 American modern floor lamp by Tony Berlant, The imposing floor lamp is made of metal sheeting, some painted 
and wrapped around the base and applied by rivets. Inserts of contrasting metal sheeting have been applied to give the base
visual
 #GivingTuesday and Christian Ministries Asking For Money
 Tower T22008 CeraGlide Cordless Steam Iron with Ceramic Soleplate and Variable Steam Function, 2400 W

-- -- --

Please determine how many lines of the records above contain "metal", and state that number only.

Answer for this exercise
2